» **The problem**: Copy out the data word for word. The images are not part of the copy.

» **Provided data**:
◆ ◆ ◆ ◆ ◆ ◆ ◆
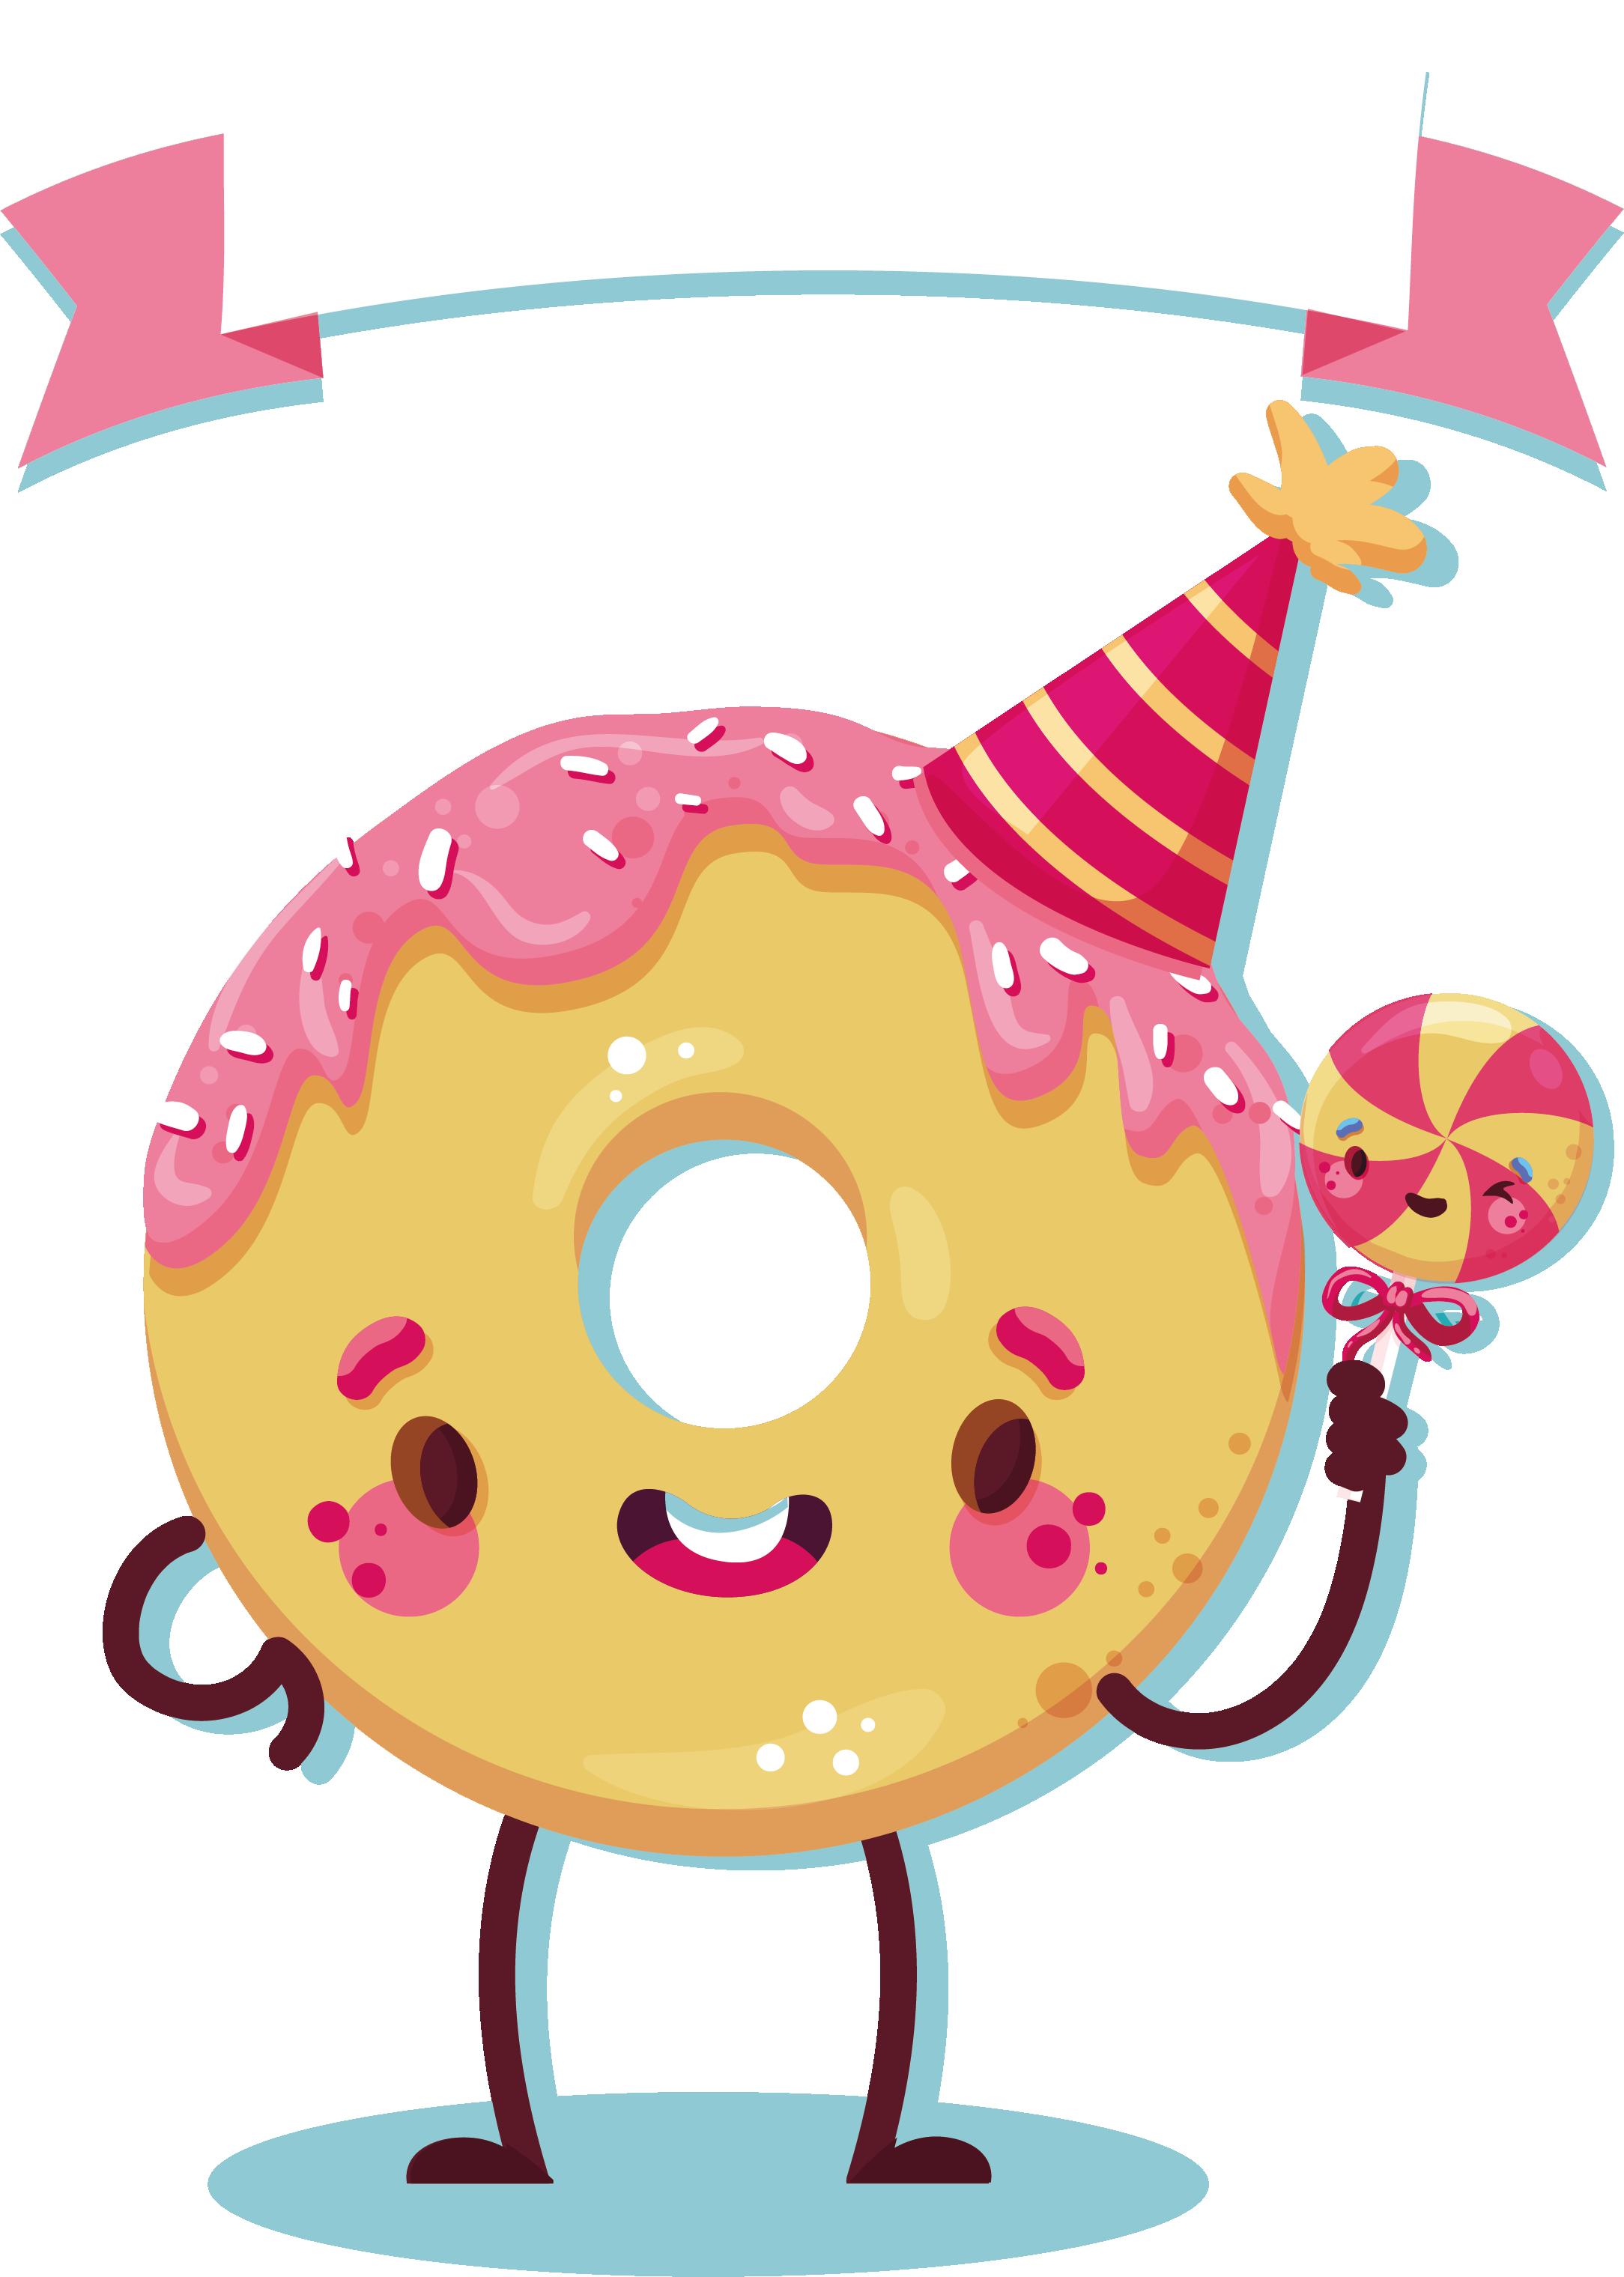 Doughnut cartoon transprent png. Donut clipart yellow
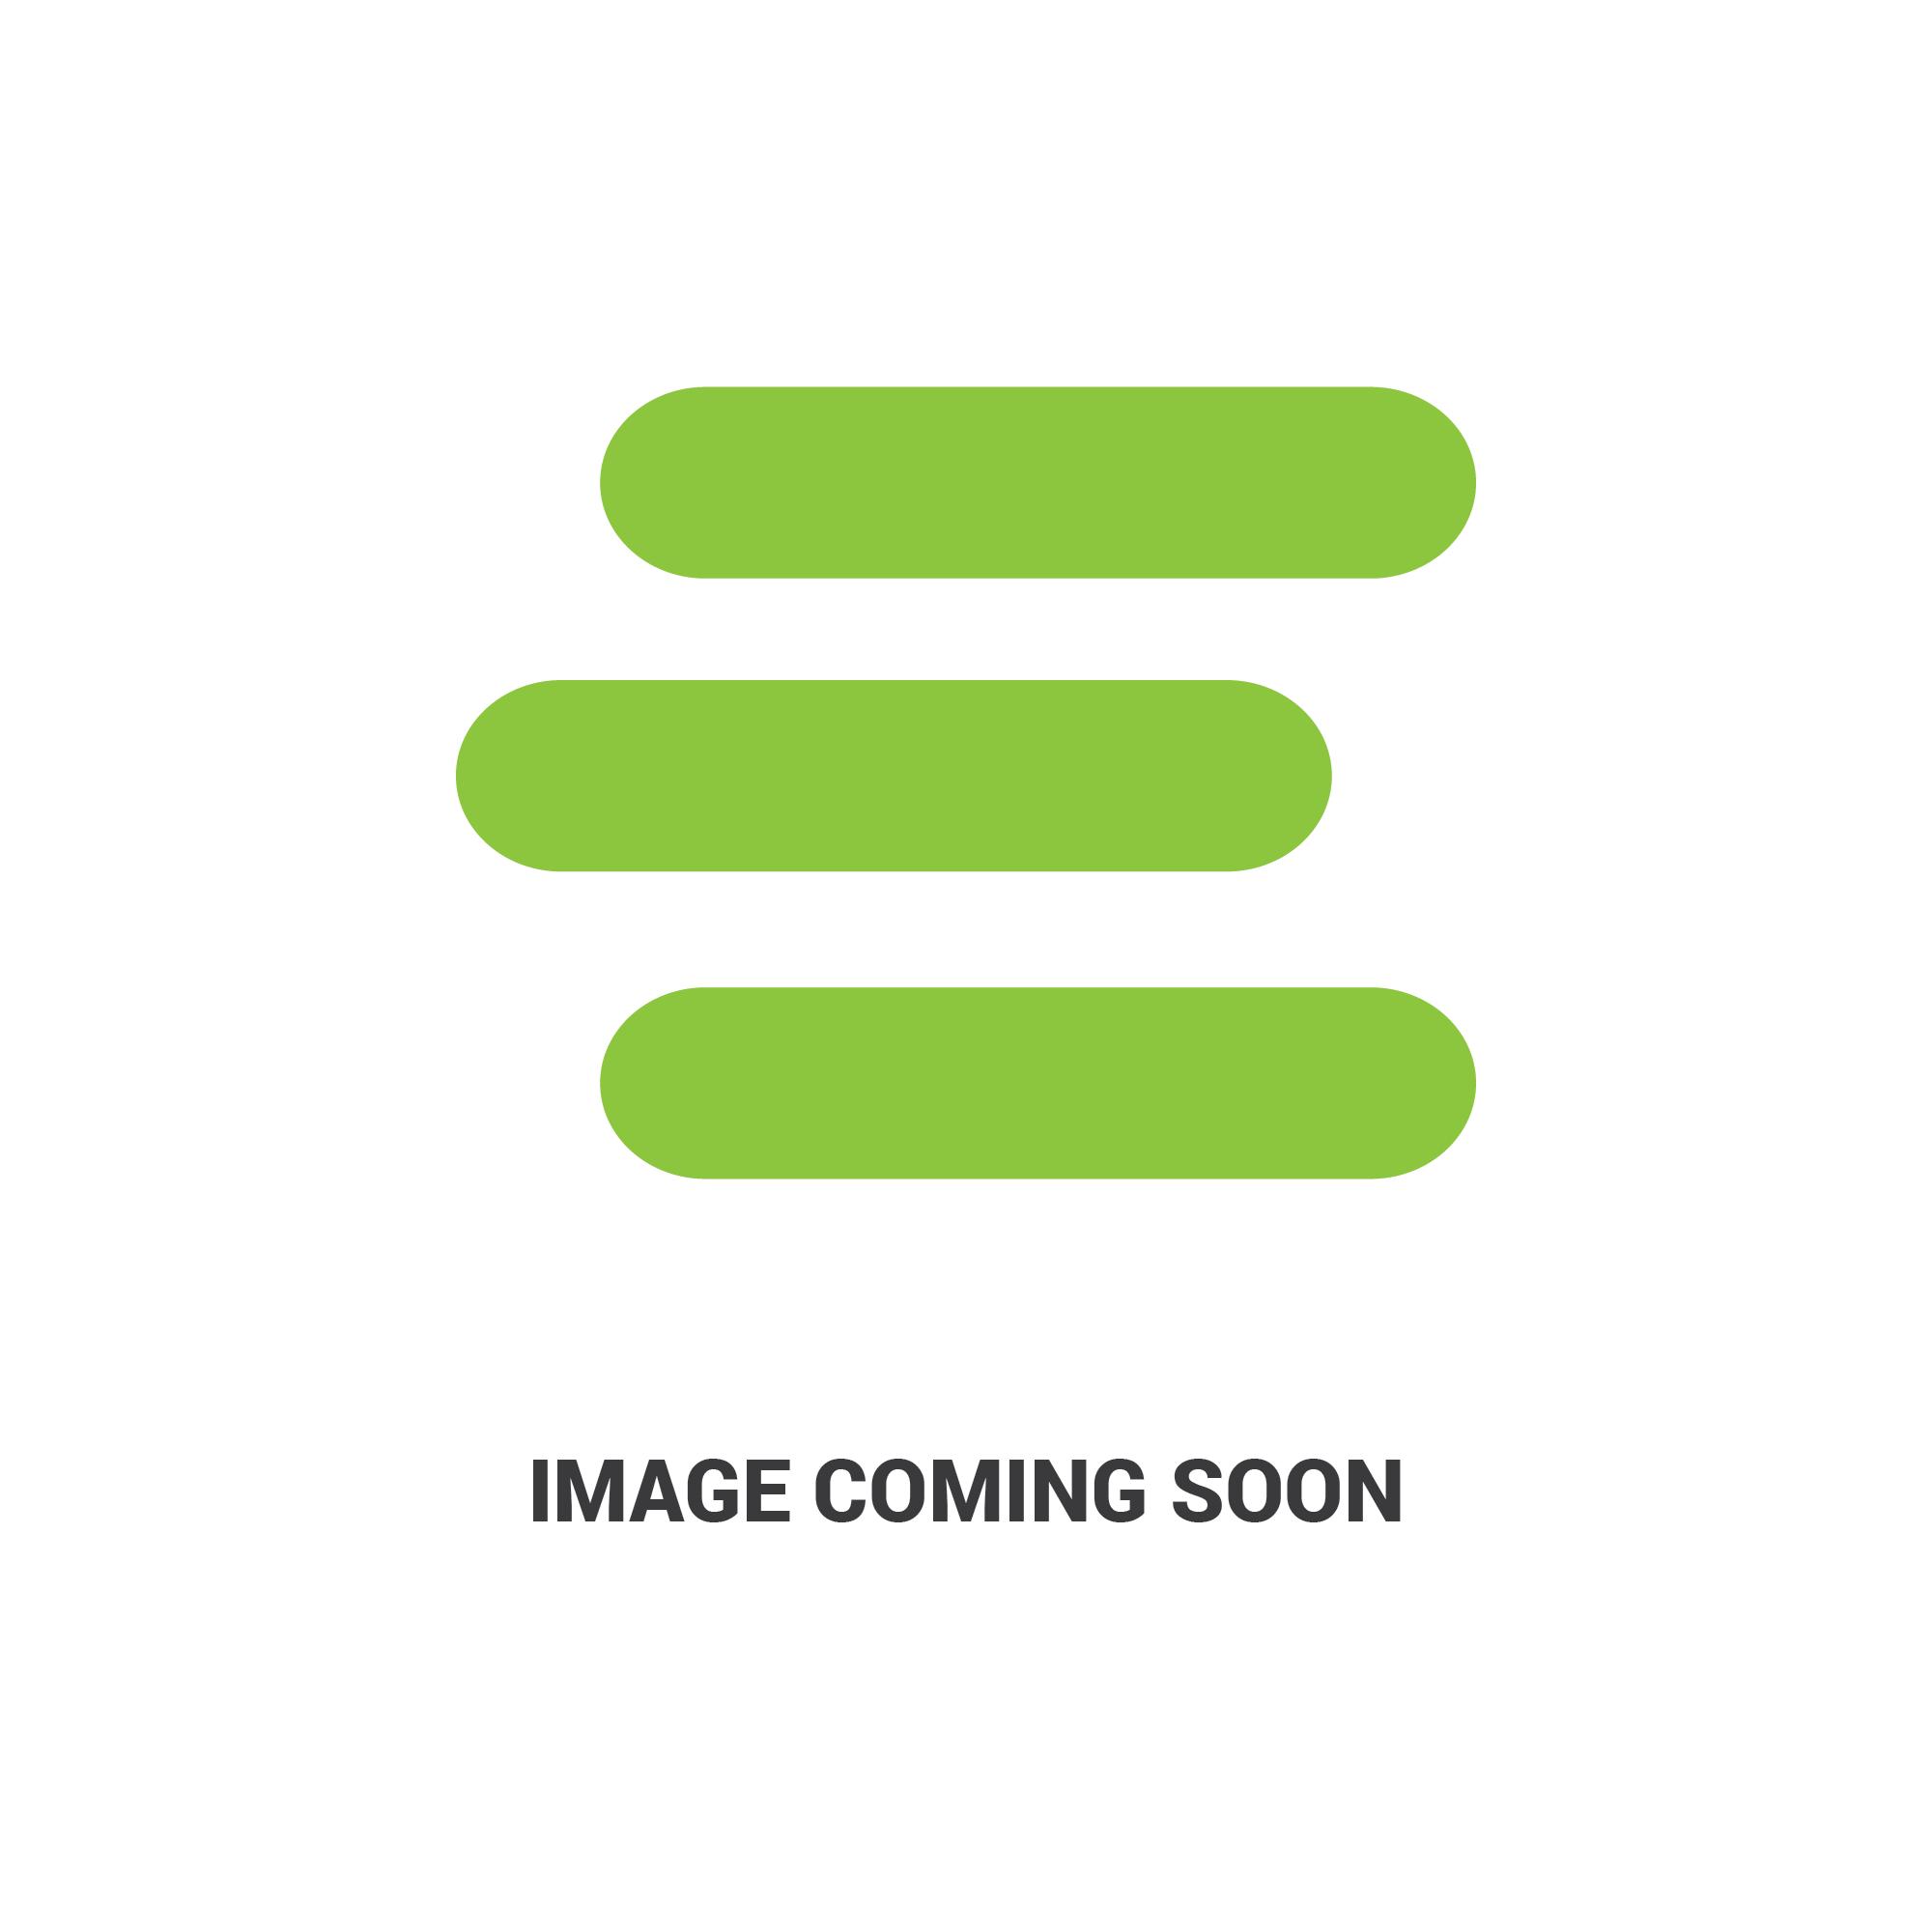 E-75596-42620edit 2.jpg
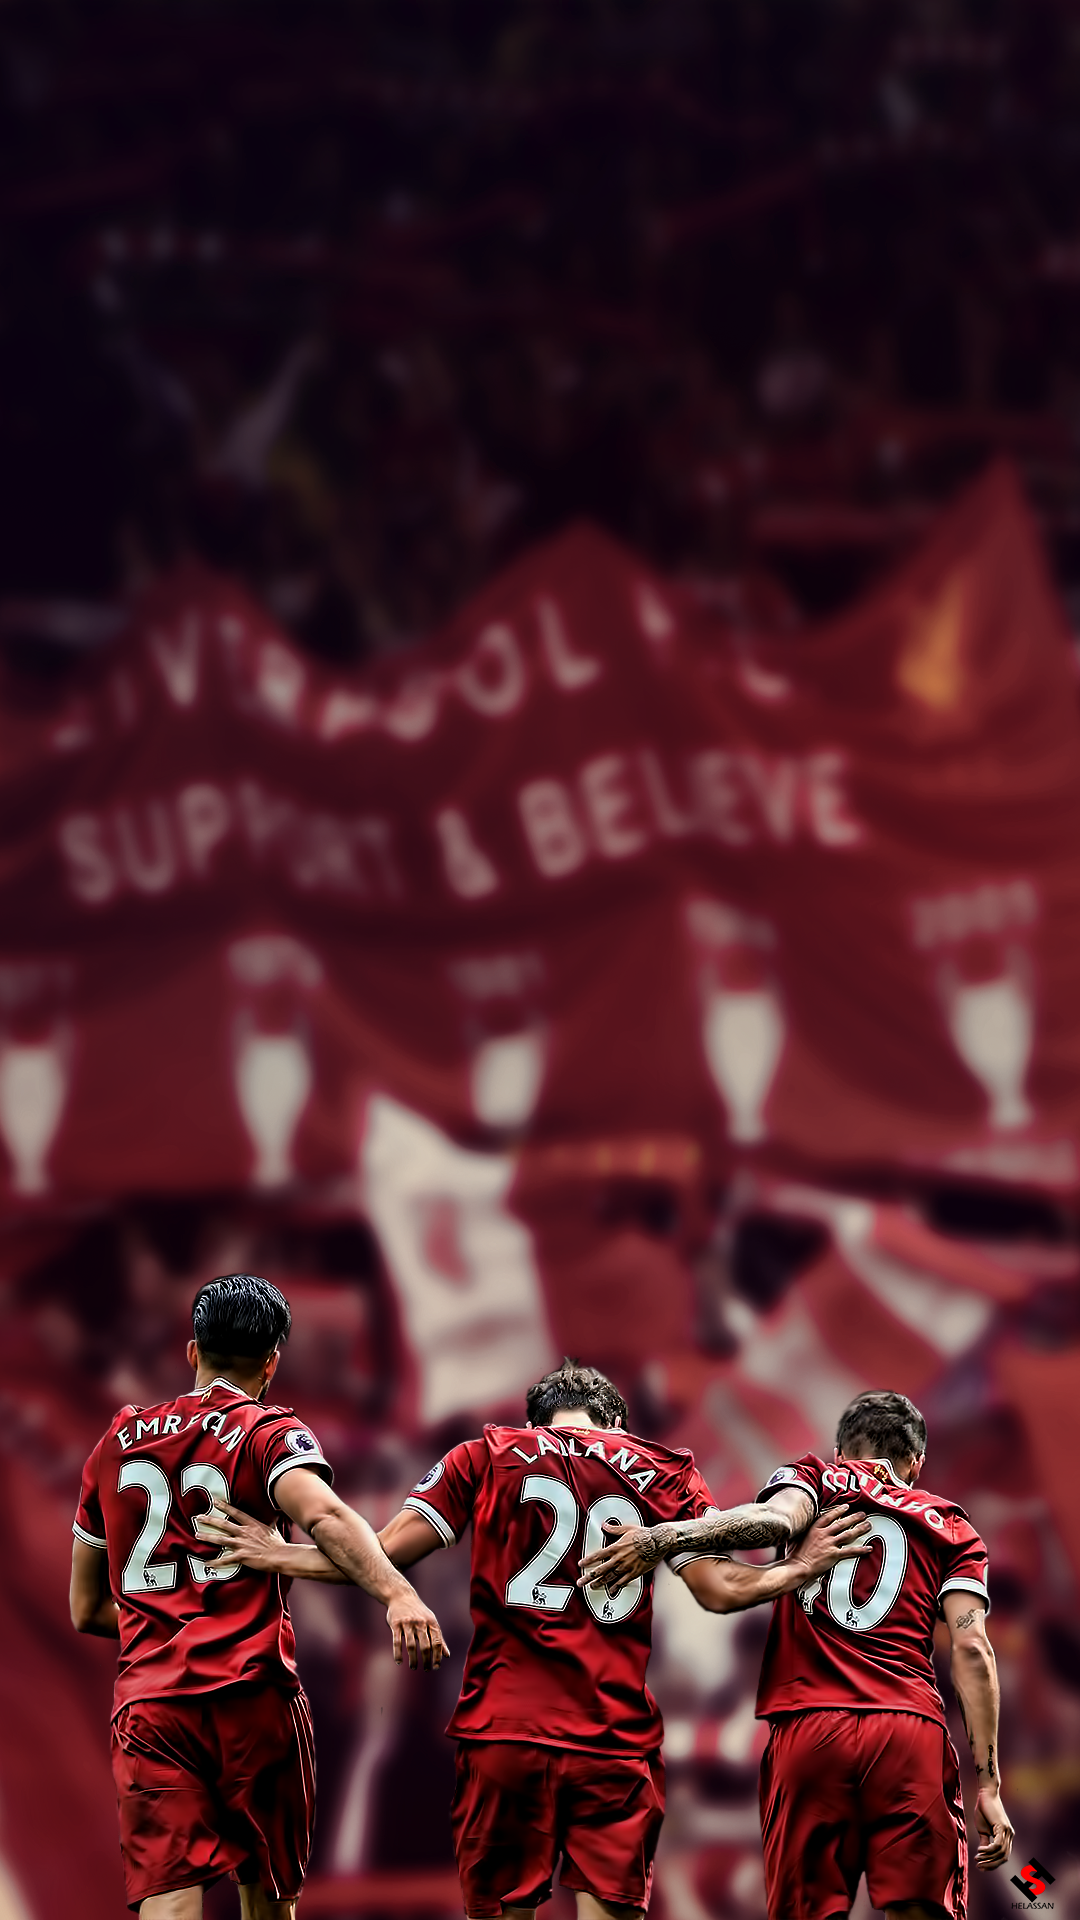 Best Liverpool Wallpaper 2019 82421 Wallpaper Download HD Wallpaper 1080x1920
◆ ◆ ◆ ◆ ◆ ◆ ◆
» **Answer below**:
 Doughnut cartoon transprent png. Donut clipart yellow
 E-75596-42620edit 2.jpg
 Best Liverpool Wallpaper 2019 82421 Wallpaper Download HD Wallpaper 1080x1920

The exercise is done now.